Civil Liberties

16 Trans People (That We Know Of) Have Been Murdered this Year

At least 14 of them were black or Latina women.

With four months left in 2015, the number of trans people killed this year has already surpassed the 12 known murders of transgender people in 2014.

So far this year, at least 16 trans people have been killed. Most of them were black or Latina trans women. Just last week, Kandis Kapri, a black trans woman, was found dead in Phoenix, Arizona.
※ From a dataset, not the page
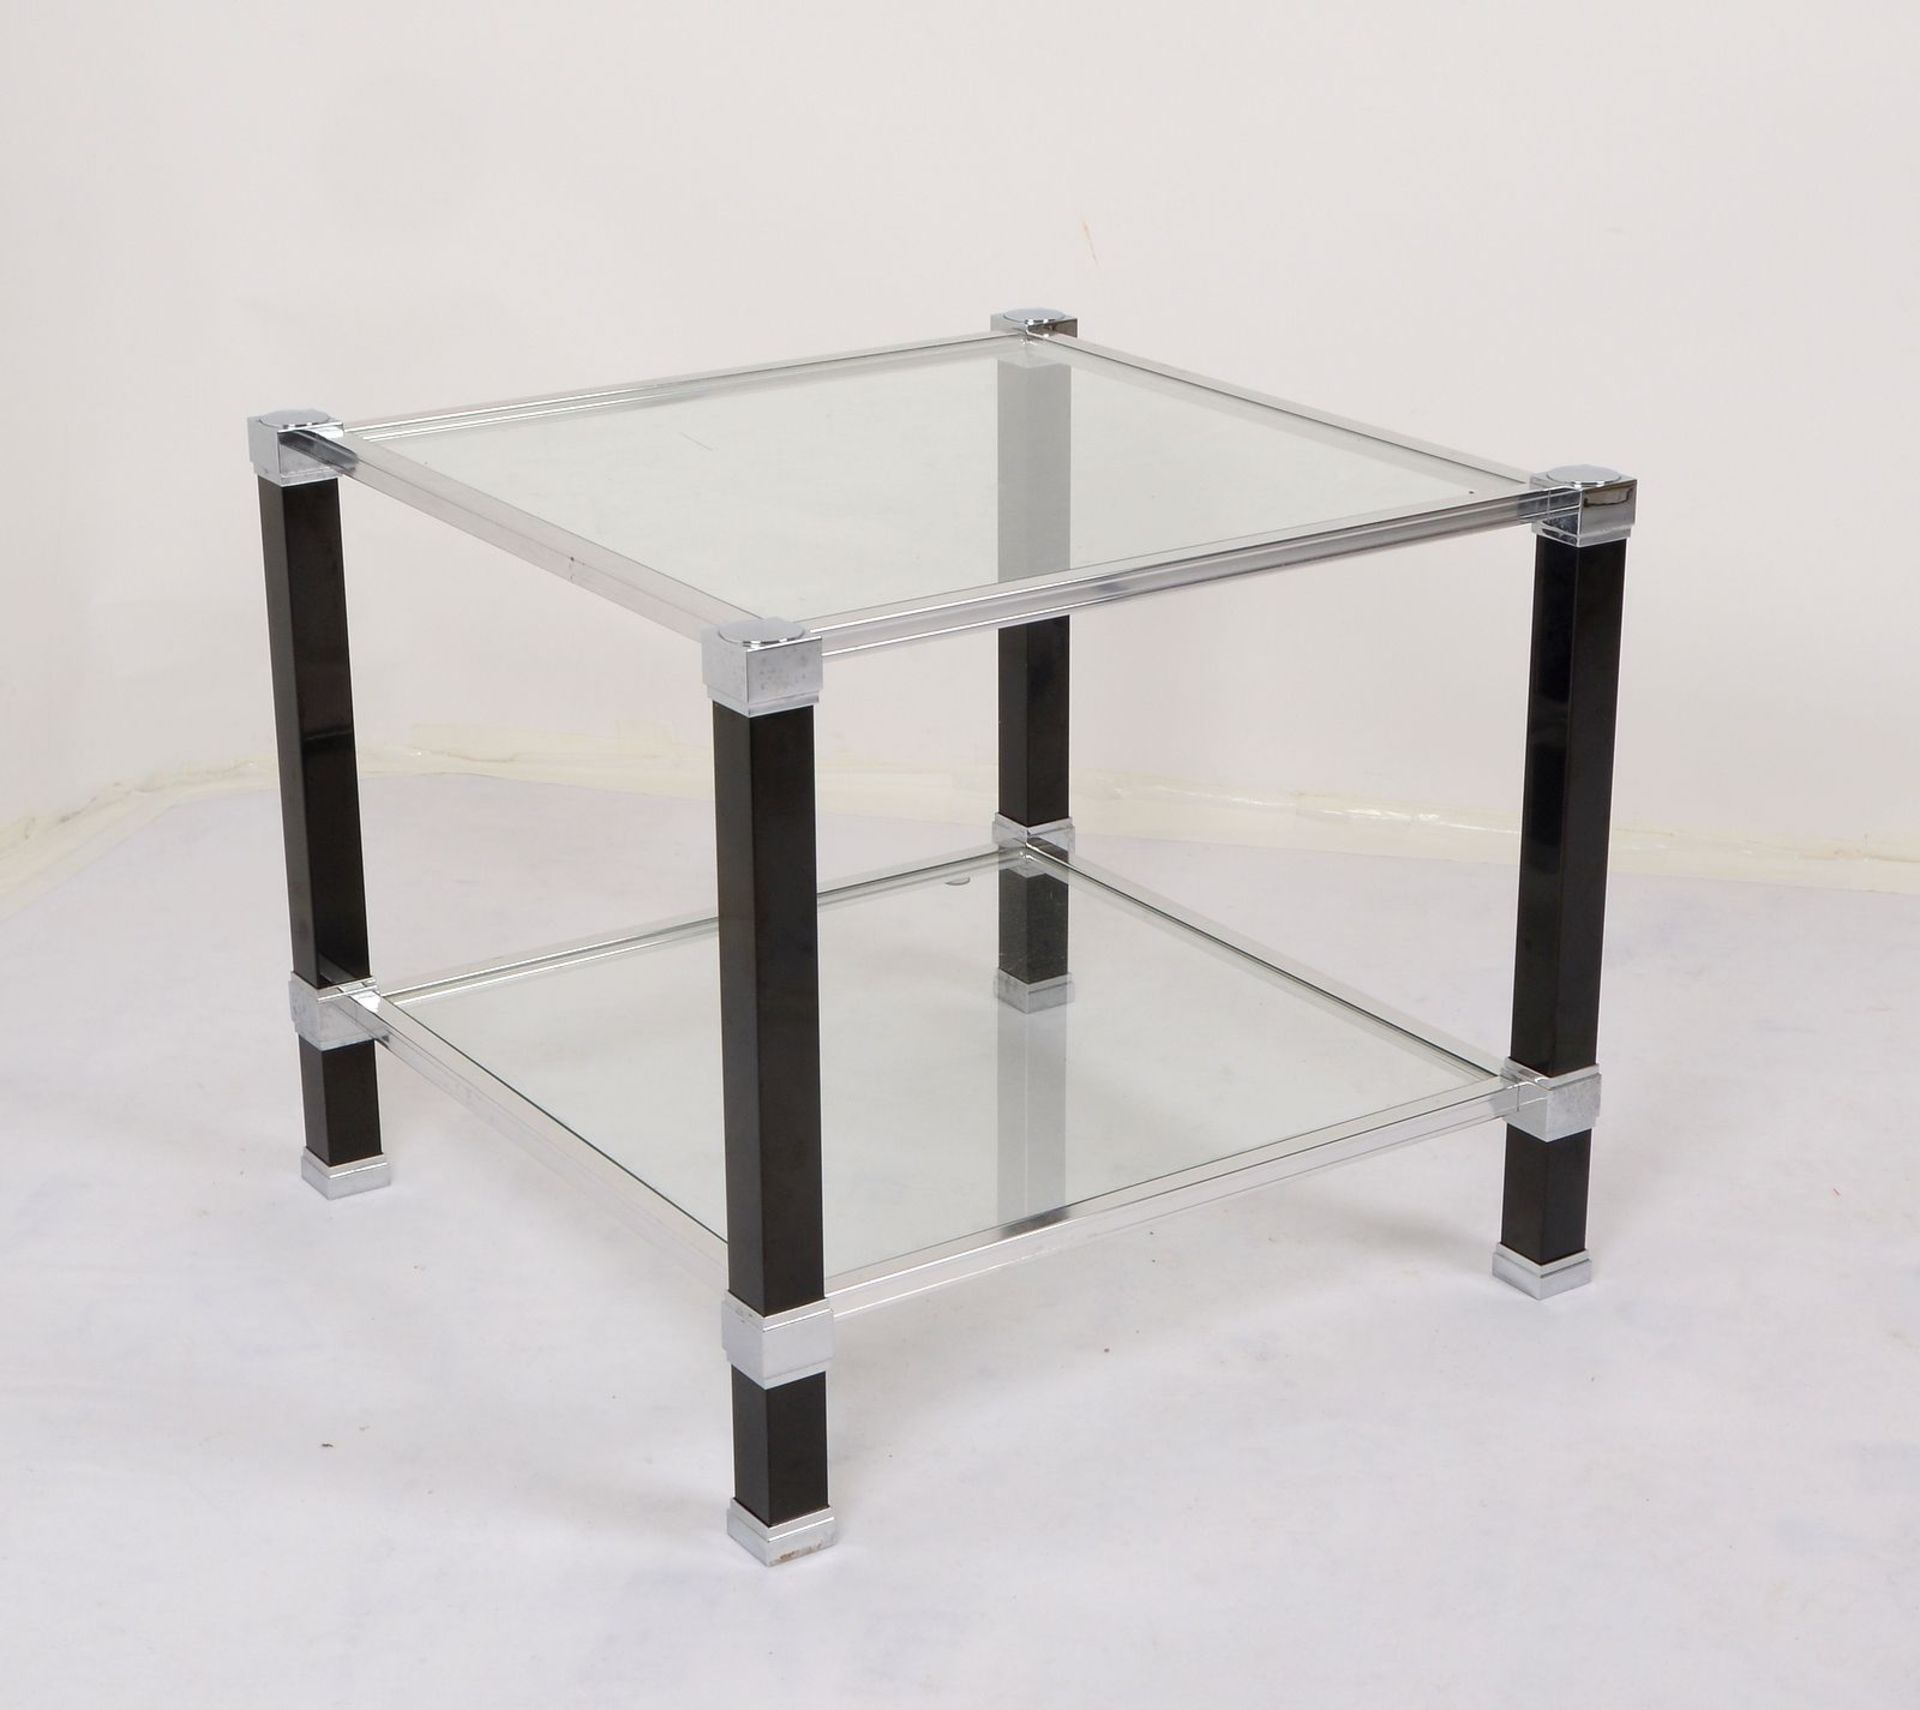 Pierre Vandel/Paris, Beistelltisch, verchromtes Metall mit 2x Glasebenen, Tischbeine schwarz lackier

Last Thursday, the remains of Elisha Walker, also a black trans woman, were found in a wooded area in Johnston County, N.C. Her alleged killer has been arrested and charged with murder.

According to news reports, most trans victims are killed as a result of intimate partner violence.

Elle Hearns, central region coordinator at GetEQUAL and strategic partner of #BlackLivesMatter, told AlterNet that these murders should be taken as signs of an epidemic.

"Two more confirmed murders of black trans women should be a numbing sensation to the core of America's consciousness,” she said. “It should be a wakeup call that we as people are missing the mark. Black trans women should never have to live in fear that today will be their last day. It is a national emergency that we must pay attention to by taking action to support and sustain the lives of trans women who are under attack."

In the past month alone, at least two transgender black people were killed in Detroit. Amber Moore, a 20-year-old trans black woman, was found shot to death in Palmer Park on the city’s west side. Less than a month earlier, Ashton O'Hara, a gender nonconforming person, was found dead in the city on July 14. O’Hara’s alleged killer has been arrested and charged with murder.

Federal authorities are investigating O’Hara's and Moore’s murders, according to the New York Daily News.

In a meeting set up by the Detroit Police Department last week, trans people complained that cops harass them when they enter Palmer Park because officers assume they are engaged in prostitution or other illegal activity.

“If you’re here, and you live in the Palmer Park area, and you come out to walk across the street to go and get something from the gas station,” Lilianna Reyes said, “You’re stopped and given a ticket for prostitution."

“And that’s an issue,” she continued. “The petty crimes of prostitution that are being focused on are overshadowing the violence, the hurt, the murdering of trans women.”

According to the National Coalition of Anti-Violence Programs, trans people of color are 6.2 times more likely to experience police violence. Hearns said one way to combat transphobic violence is to create economic structures for trans women so that they don’t feel pushed to the fringes of society.

“I believe a system has to be developed that provides trans women of color access to resources such as jobs, housing and affordable medical insurance,” she said. “We have to create a system that doesn't further penalize women for creating their own opportunities to generate money in a world that isn't concerned about providing that kind of support free of transphobia.”

Another problem is that media often misgenders trans murder victims, making it difficult to keep count of the real number of people killed in trans violence. A Google search of any of the trans people killed this year will yield local media reports that misgender a victim of trans violence. It occurred in the case of Lamia Beard, the first known trans person to be killed in 2015. Penny Pride, a trans black woman, was murdered in New Orleans, La., in February and she, too, was consistently misgendered by local media. A report by Nola.com connected Proud’s death to illegal prostitution in the area where she was found, even though police made no such link. When a BuzzFeed reporter questioned the journalist, Prescotte Stokes, about the report, his reaction was indignant.

“They called her a girl but said he was a man,” said Stokes “I assume he parades around as a transgender woman, but he is actually a man.”

“The harm of the media misgendering and victim-blaming is that it sends a message to the public that these homicides are not as serious, and that somehow transgender people deserve it,” Chia Jindasurat of NCAVP told BuzzFeed back in February. (The story was eventually updated to identify Proud as a trans woman.)

Some five months later, the media still have not learned to apply the appropriate pronouns to victims of transphobic violence. In late July, Shade Schuler, a black trans woman, was found dead in a field in Dallas. One local news outlet still has a live version of a report of Schuler’s death using male pronouns in an updated story.

The murders of transgender women are fairly under-reported in media, but should cause concern. In 2014, at least 50 percent of LGBTQ homicide victims were transgender women of color, according to NCAVP.

“A majority of these murders are happening from intimate partner violence,” Hearns said. “The men responsible for these murders have internalized transphobia so much because of the societal views reflected daily in their homes or via social media and that is causing them to discard the lives of women that they seek out. Society has a responsibility to dismantle that or there will continue to be blood on your hands. Interacting with police is a great fear for black people once again in this country. Being black and trans is an even greater fear that we live with because we never know when death will come."